Успехи анатомии позволили конкретизировать предмет еще не рожденной науки психологии, вследствие чего психофизическая проблема была заменена психофизиологической.
«Декартова пропасть» как проблема «сознание/бытие» осталась философии. Предметом новой науки становилась дихотомия «сознание/тело человека», или, точнее, «сознание/сома». Последнее позволяет учитывать функцию, т. е. не только анатомический, но и физиологический аспект. Это особенно важно, ибо внимание исследователей сфокусировалось на физиологическом обеспечении актов сознания. Начало развиваться учение о рефлексах (впервые это слово употребил Декарт), стали появляться программы построения психологии как опытной науки. При этом интроспекция долго еще оставалась единственным методом. Ученые делали те или иные выводы, испытывая и изучая самих себя, опираясь на акты собственного сознания.
Страной, где подобные исследования получили максимальное распространение, стала Германия, а апологетом интроспекции стал профессор В. Вундт, создавший огромную школу, которая рассыпалась еще при его жизни, потому что наука на базе интроспекции невозможна. У каждого исследователя и каждого испытуемого – свое Я, которое вмешивается в процесс интроспекции, так что получается картина личных мнений, а не объективных фактов. Тогда впервые на повестку дня встала проблема объективного метода в изучении феноменов сознания.
Постановка проблемы объективного метода является началом науки психологии. Несмотря на то что автором понятия о рефлексе является Декарт, говорить в его время о психологии как отдельной науке не приходилось. Сердцевиной науки является ее методология, ибо – если подходить строго – все науки изучают один предмет: Универсум. Различия касаются только метода.
В современной теории науки принято считать, что началом ее является формирование собственного категориального аппарата. На мой взгляд, это заблуждение. Категориальный аппарат – критерий скорее количественный, чем качественный. Например, в современной физике он настолько отличен от времен Ньютона, что два физика, оперирующие категориями разных времен, не поймут друг друга. Зато категориальный аппарат квантовой физики, неприменимый к физике твердого тела, адекватно характеризует явления сознания (Эдди, Н. Бехтерева, Пенроуз, Картрайт, Шимони, Каку и др.), – поговорим об этом ниже.

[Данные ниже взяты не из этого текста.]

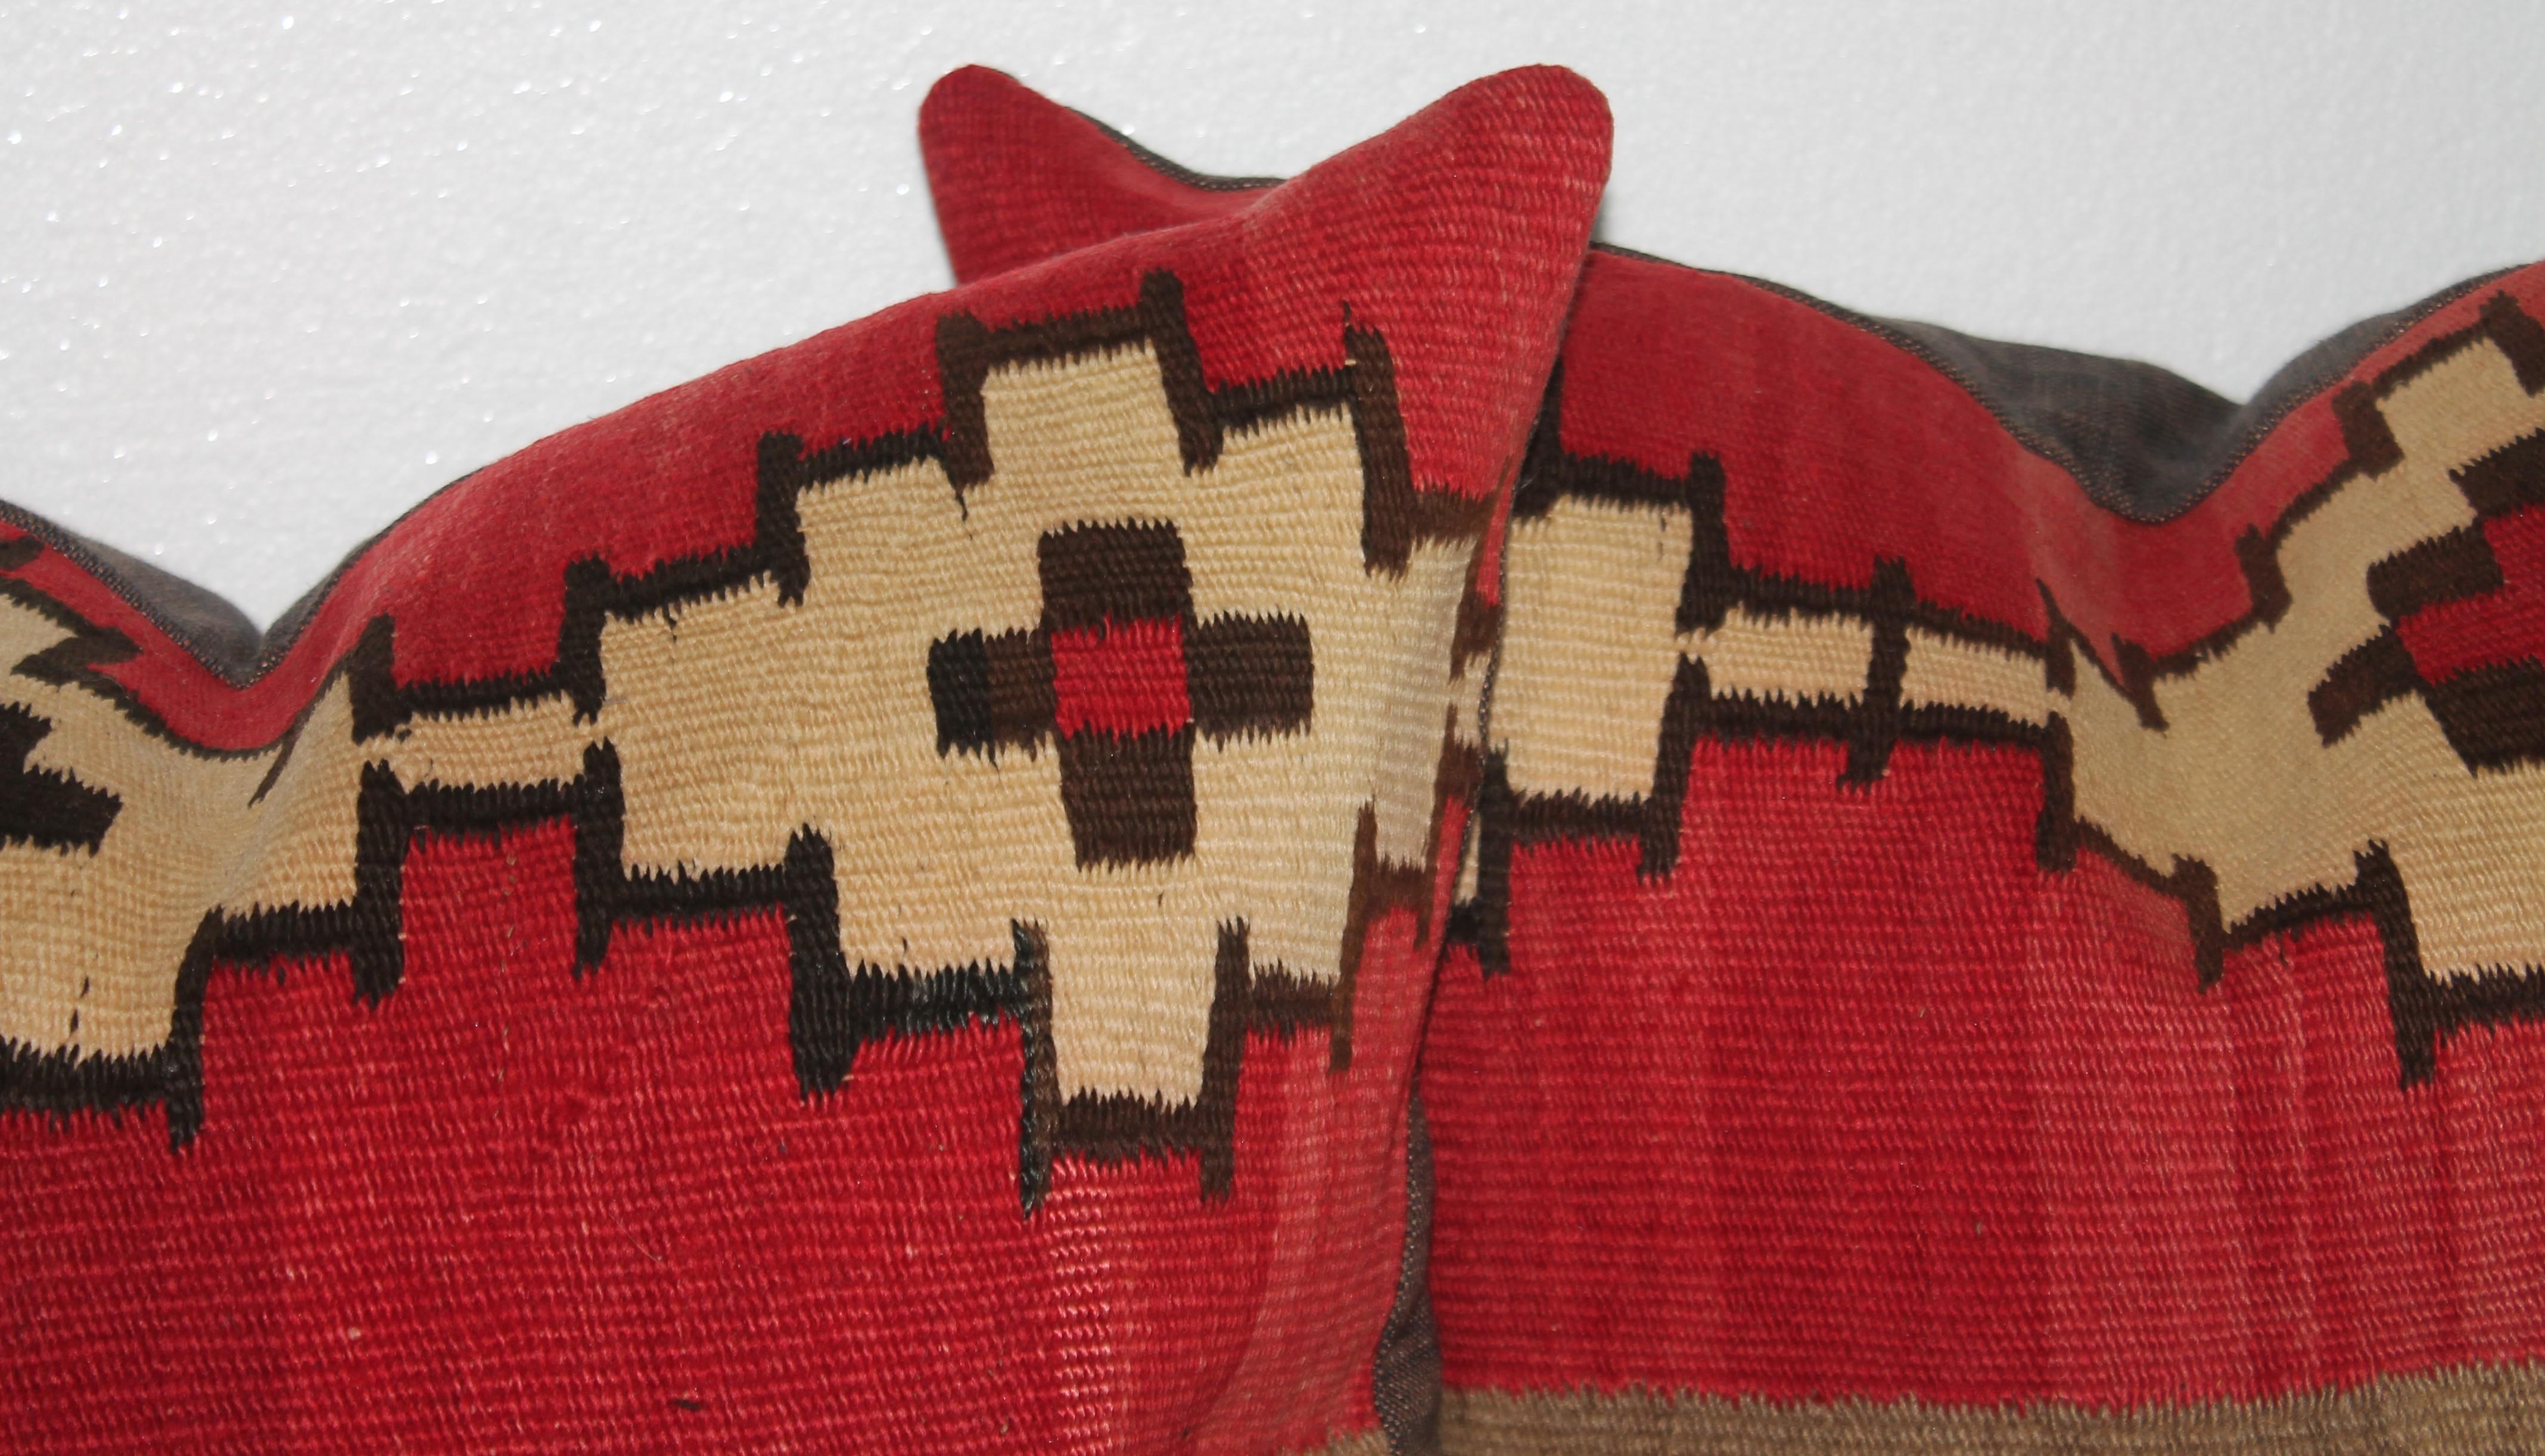 These Navajo Indian weaving pillows are fantastic colors and have wonderful rustic cotton linen backings. Sold as a pair or 950. each.

При этом мы знаем: замены и нововведения совершаются постепенно. Еще показательней ситуация в философии. Каждый сколько-нибудь значимый философ создает собственный категориальный аппарат. Философ, оперирующий категориями Гегеля, отрицает категориальный аппарат Канта, а кантианец не воспринимает категориальный аппарат Гуссерля.
От интроспекции к бунту против сознания
Школа Вундта дала весьма значимый отрицательный результат. В 70-х годах XIX в. психология стала претендовать на звание самостоятельной науки, вооруженной объективным методом, благодаря системному учению о рефлексах, которое начал разрабатывать И. Сеченов.

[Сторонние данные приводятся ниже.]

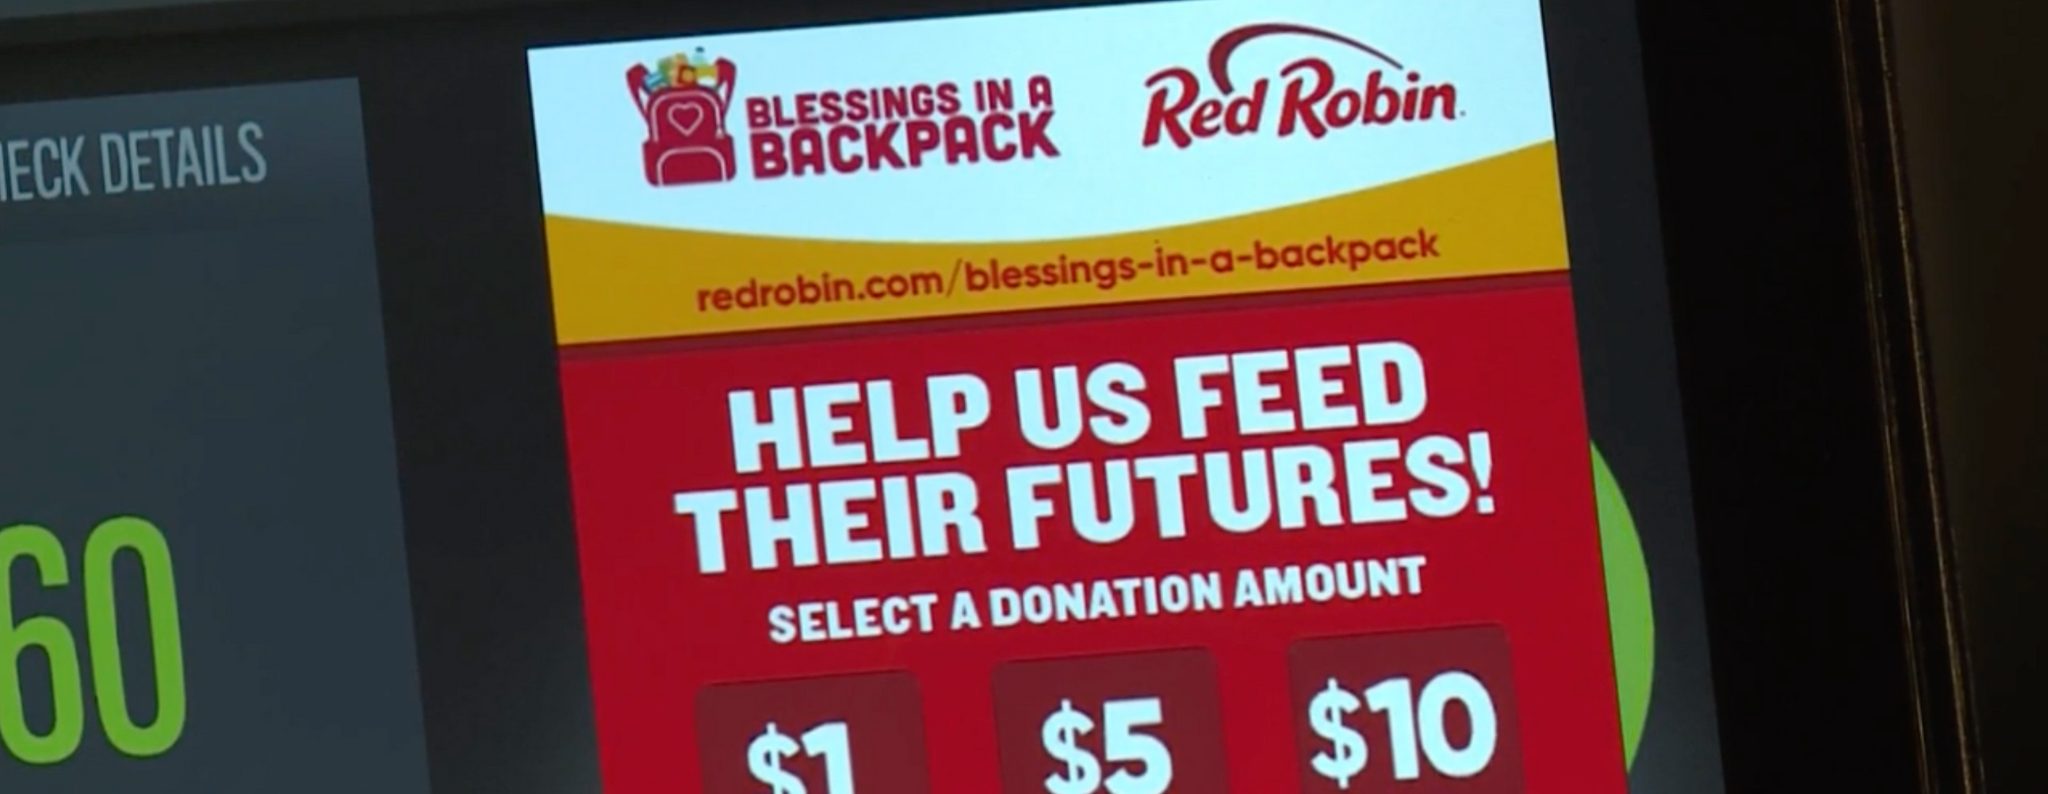 Red Robin Fundraiser Aims To End Child Hunger in Oregon

Для того чтобы узнать, что представляет собой то или иное явление, надо узнать, как оно возникло. И. Сеченов первым поставил вопрос о сознании в таком разрезе. Он поставил задачу создания новой психологии как науки, основанной на объективном методе, «родной сестры физиологии».

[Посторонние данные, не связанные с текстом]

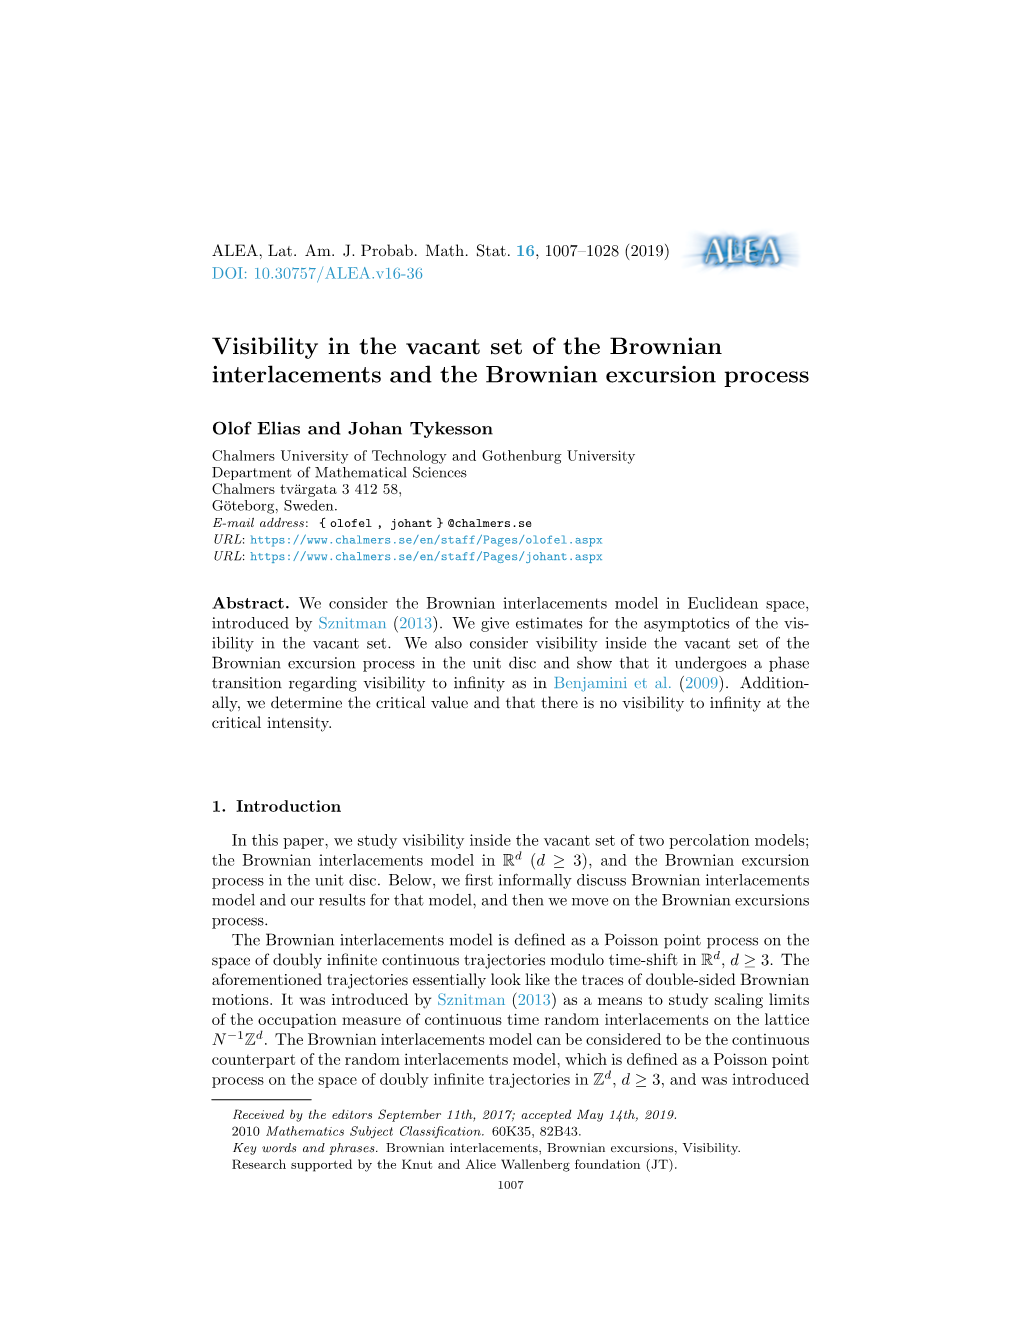 Visibility in the Vacant Set of the Brownian Interlacements and the Brownian Excursion Process

«Все акты сознательной и бессознательной жизни по способу происхождения суть рефлексы», – считал он. Сеченов выдвинул интересную идею об акте сознания как о «незавершенном рефлексе», то есть не доведенном до физического действия ответе организма на внешний стимул.
Сравнивая реакции детей, животных и взрослых разумных людей на раздражения, например боль, Сеченов пришел к выводу о наличии в мозге механизма задерживания рефлексов, которые так и назвал «задерживателями». «Итак, рядом с тем, как человек, путем часто повторяющихся ассоциированных рефлексов, выучивается группировать свои движения, он приобретает (и тем же путем рефлексов) и способность задерживать их, – пишет он. – Теперь я и покажу читателю первый и главнейший из результатов, к которому приводит человека искусство задерживать конечный член рефлекса. Этот результат резюмируется умением мыслить, думать, рассуждать. Что такое в самом деле акт размышления? Это есть ряд связанных между собою представлений, понятий, существующий в данное время в сознании и не выражающийся никакими вытекающими из этих психических актов внешними действиями. Психический же акт, как читатель уже знает, не может явиться в сознании без внешнего чувственного возбуждения. Стало быть, и мысль подчиняется этому закону. А потому в мысли есть начало рефлекса, продолжение его, и только нет, по-видимому, конца – движения. Мысль есть первые две трети психического рефлекса» (Сеченов, 1866. Гл. 2, п. 12).
Конец XIX в. стал временем борьбы между сторонниками интроспекционизма и сторонниками объективного метода, под которым тогда понималась только рефлексология, потому что ни МРТ, ни ПЭТ, ни даже ЭЭГ не существовало. В бурной полемике становилась на ноги экспериментальная психология, объявившая интроспекционизм лженаукой. Были сделаны интересные открытия о восприятии, о рефлекторной дуге, но все это ни на йоту не приблизило к решению вопроса: что есть сознание и как оно возникло.
Кстати, в то же время «декартова пропасть» была переосмыслена в качестве Основного вопроса философии, который я назвал бы просто Основным вопросом. Ибо речь, в самом деле, идет об основном вопросе познания, основном вопросе бытия, основном вопросе загробной жизни, если она существует, основном вопросе всего. Должно быть понятно, почему это основной вопрос познания и жизни. Мы строим свою жизнь, например отношение к религии, в зависимости от того, как решаем этот вопрос для себя. Когда мы предчувствуем завершение жизненного пути, он актуализируется еще резче: есть ли у нас шанс сохранить свое Я вне разложившейся материи или нет? Все об этом задумываются, включая убежденных материалистов-атеистов.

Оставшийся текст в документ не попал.